**Available data:**
--------------------
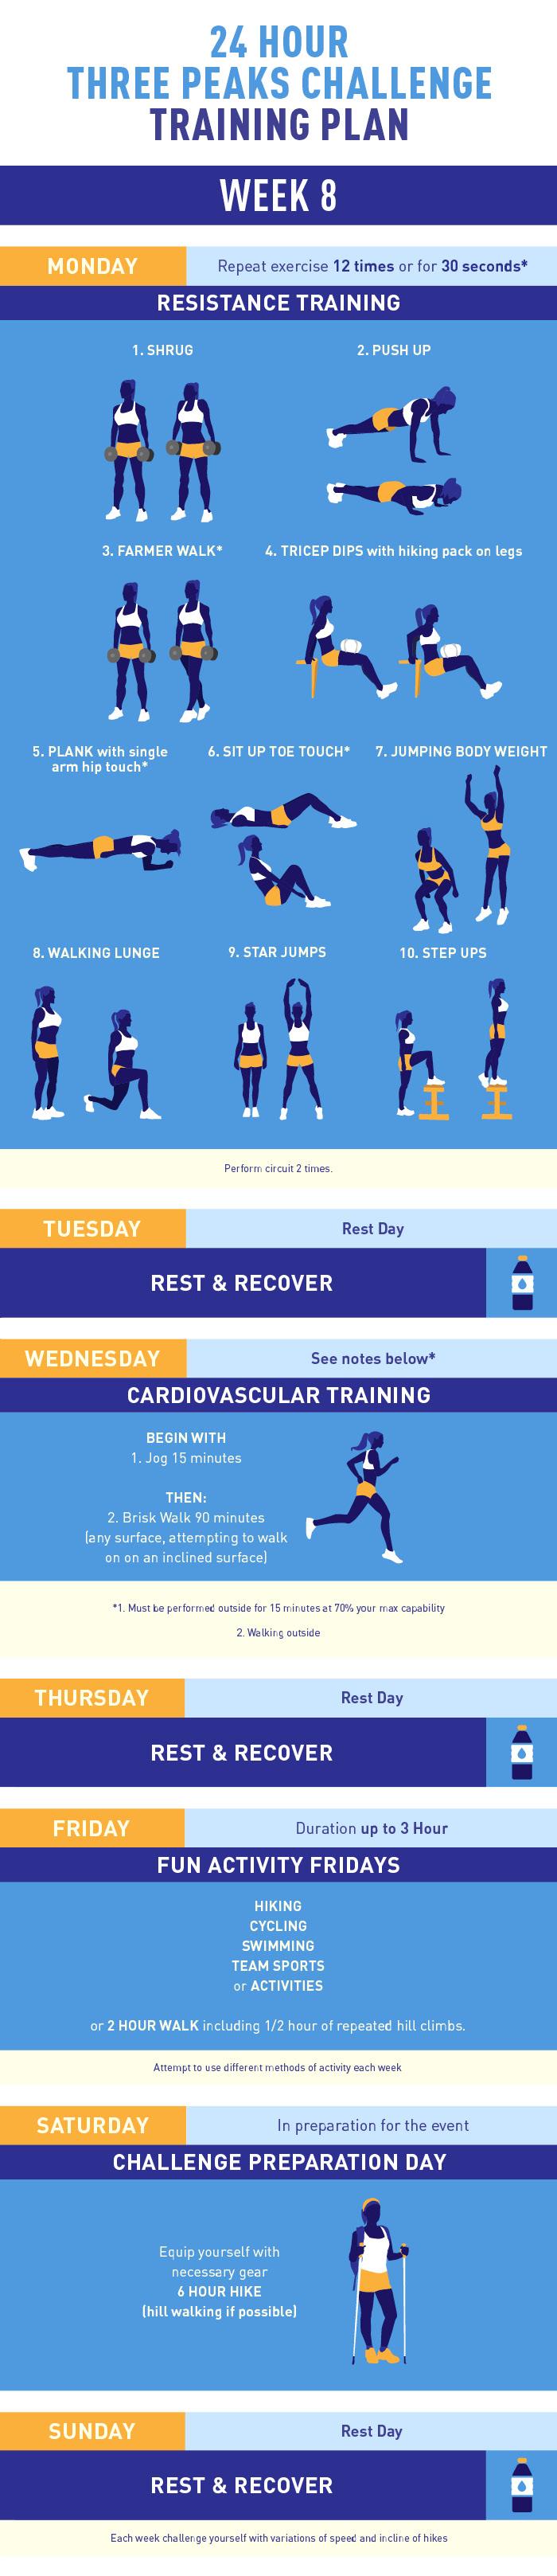 Three Peaks Challenge training plan week 8
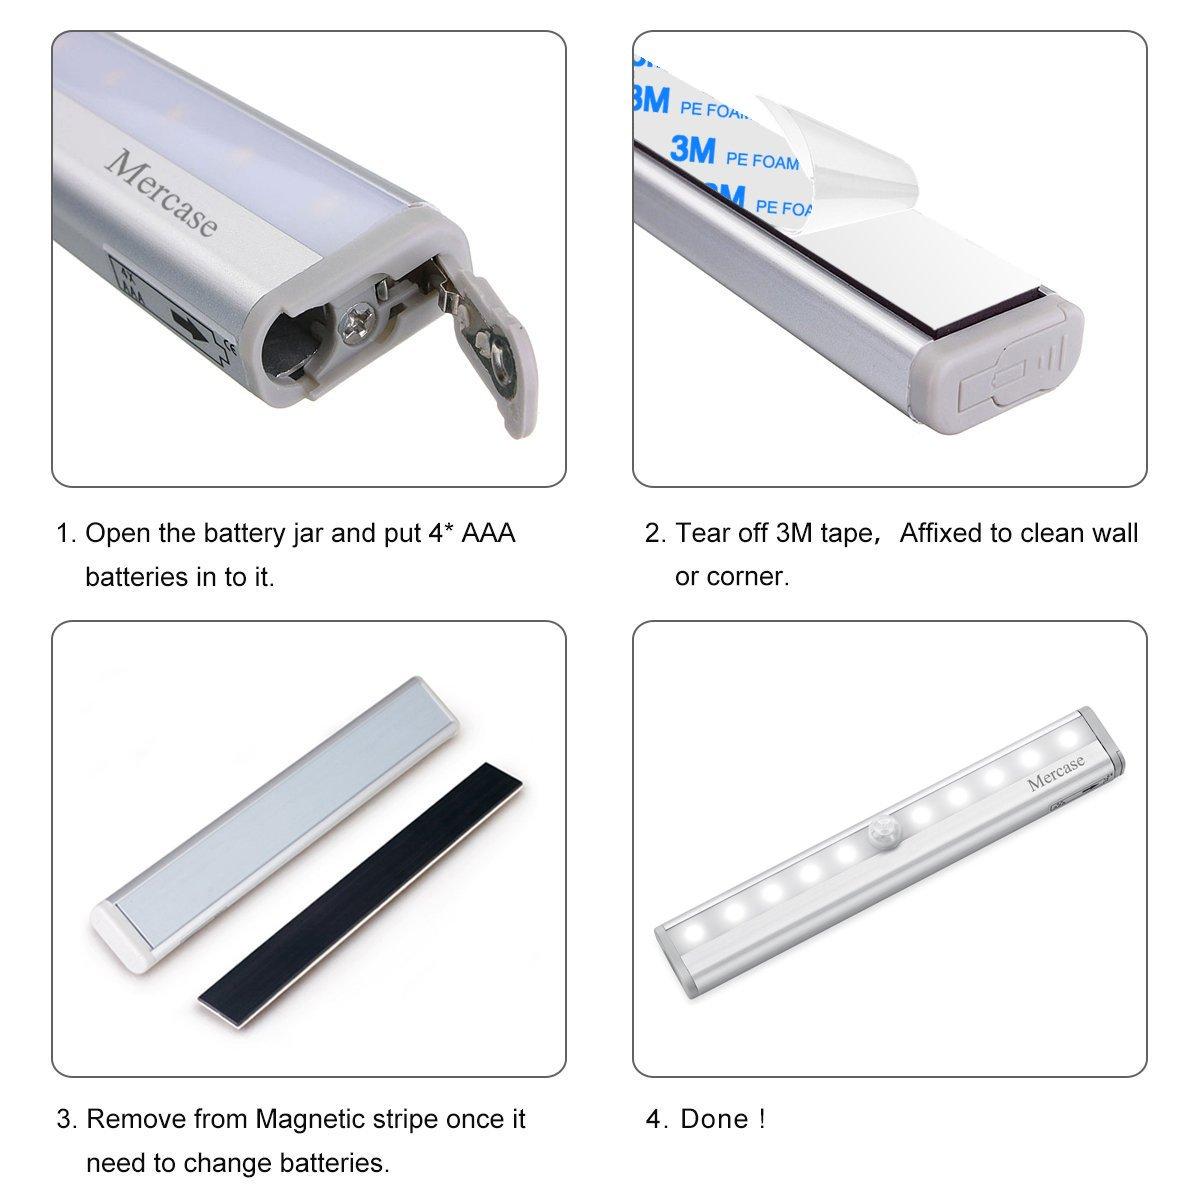 luce per Armadio con Sensore,Lampada Armadio con Sensore Luce e di Movimento Alimentata a Batterie Luce Notte per Armadio,Comodino,Corridoio(Confezione da 2)
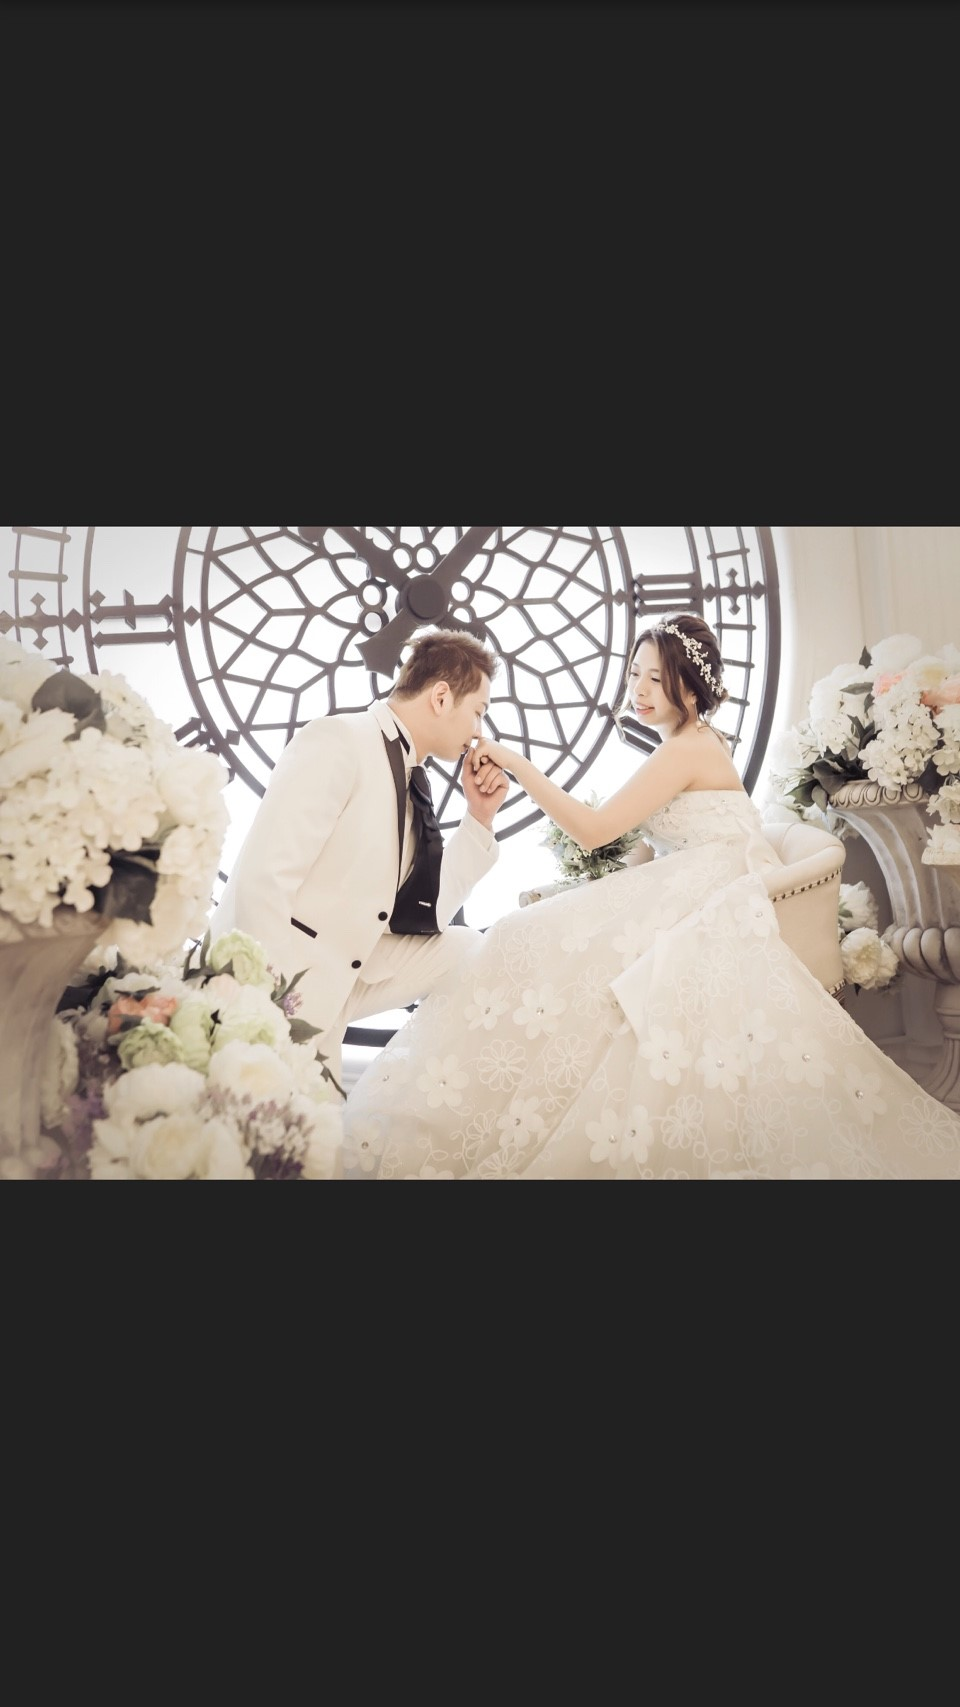 WH-為您好事韓風婚紗,極力推薦~為您好事韓風婚紗
--------------------
**Required action:** Would you return the whole listing above exactly as written, skipping any image?

**Exercise solution:**
 Three Peaks Challenge training plan week 8
 luce per Armadio con Sensore,Lampada Armadio con Sensore Luce e di Movimento Alimentata a Batterie Luce Notte per Armadio,Comodino,Corridoio(Confezione da 2)
 WH-為您好事韓風婚紗,極力推薦~為您好事韓風婚紗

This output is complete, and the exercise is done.